GOAL OF THE EXERCISE
Taking the line that contains "Raw Premium Manuka Honey" as the start and the last line of the data as the end, repeat exactly every line in that span, but no pictures.

THE DATA
————

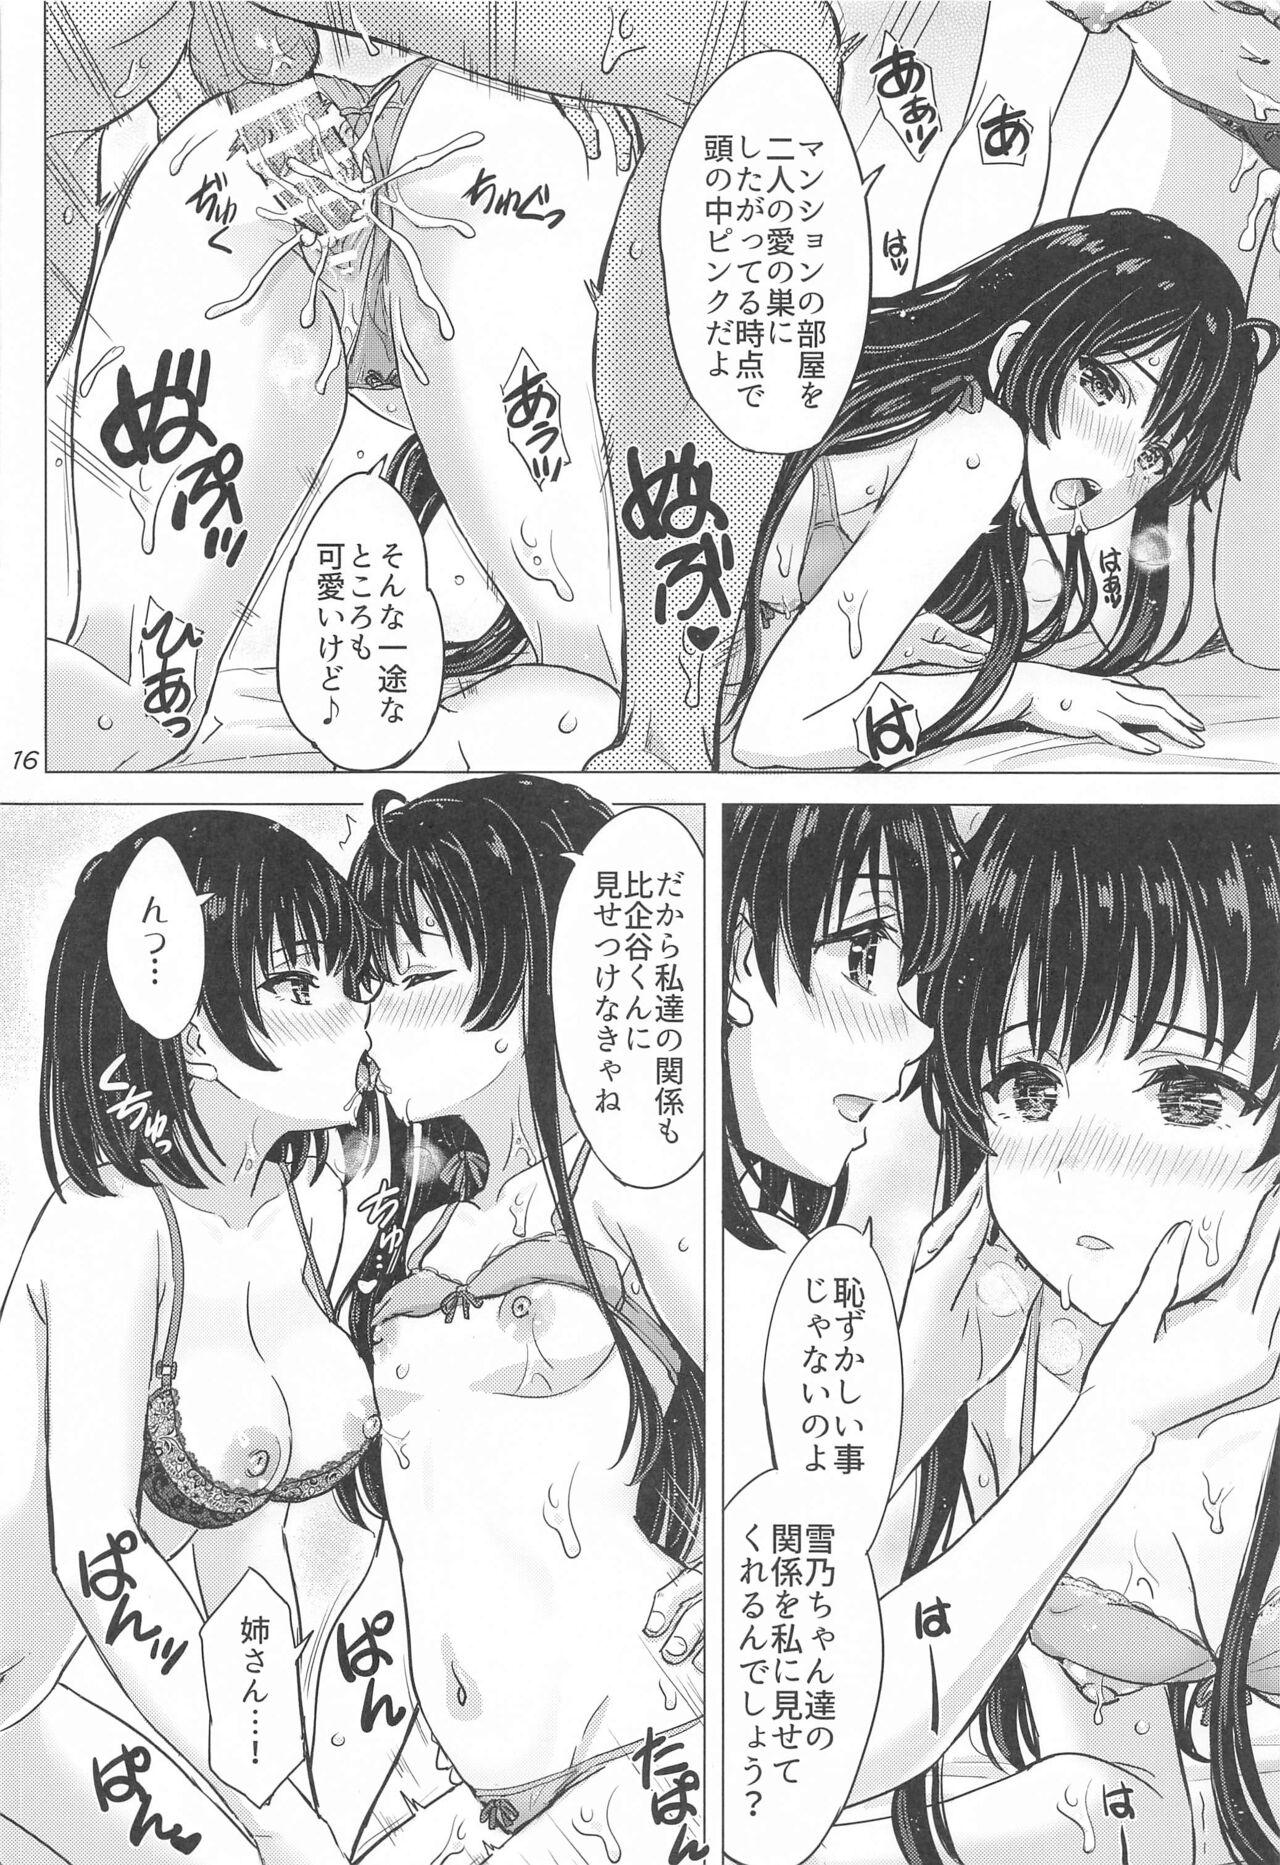 Miwakuteki ni Yukinoshita Shimai  ga Rouraku Shite Kuru. - The Yukinoshita sisters continue to have sex with hachiman. 14
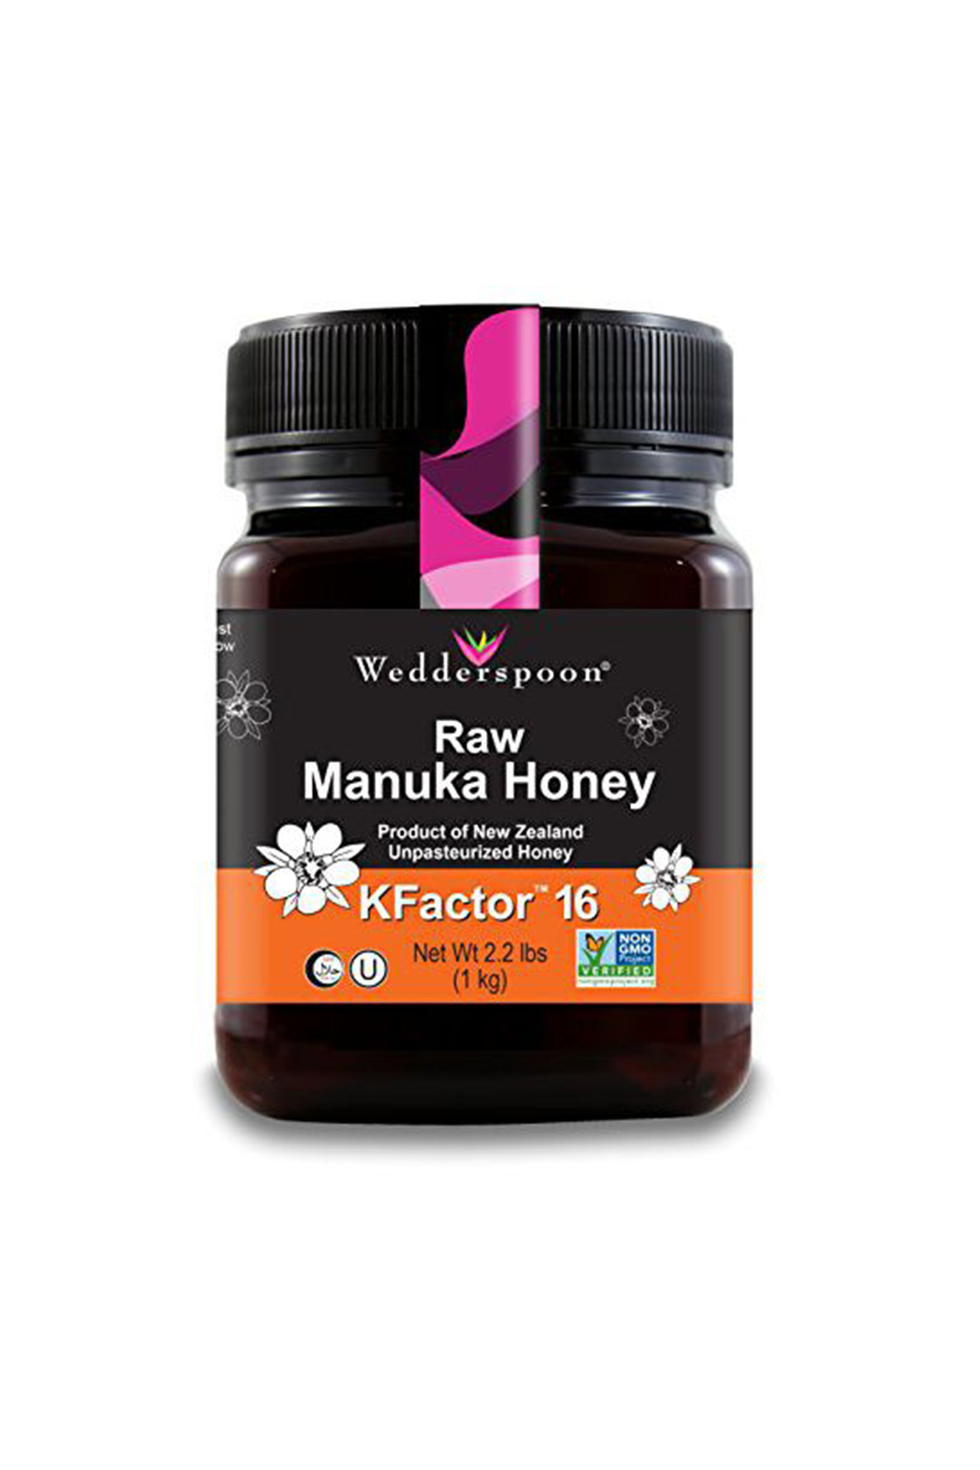 Raw Premium Manuka Honey
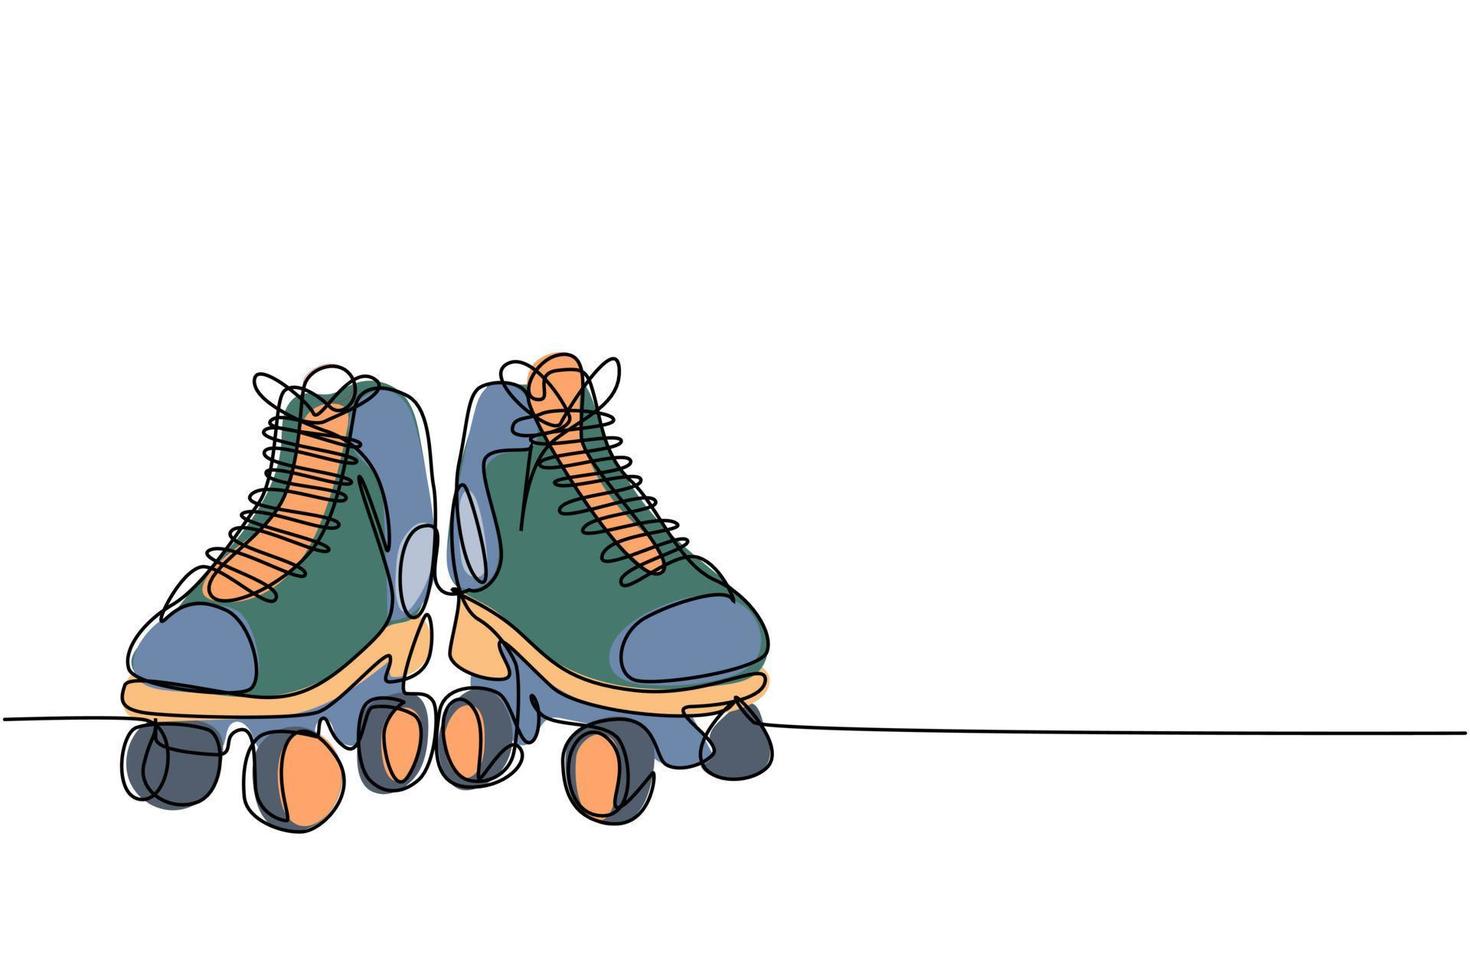 dibujo de línea continua única par de viejos zapatos de patines de ruedas de plástico retro. Vintage clásico deporte extremo concepto gráfico de ilustración de vector de diseño de dibujo de una línea

————

EXPECTED ANSWER
 Raw Premium Manuka Honey
 dibujo de línea continua única par de viejos zapatos de patines de ruedas de plástico retro. Vintage clásico deporte extremo concepto gráfico de ilustración de vector de diseño de dibujo de una línea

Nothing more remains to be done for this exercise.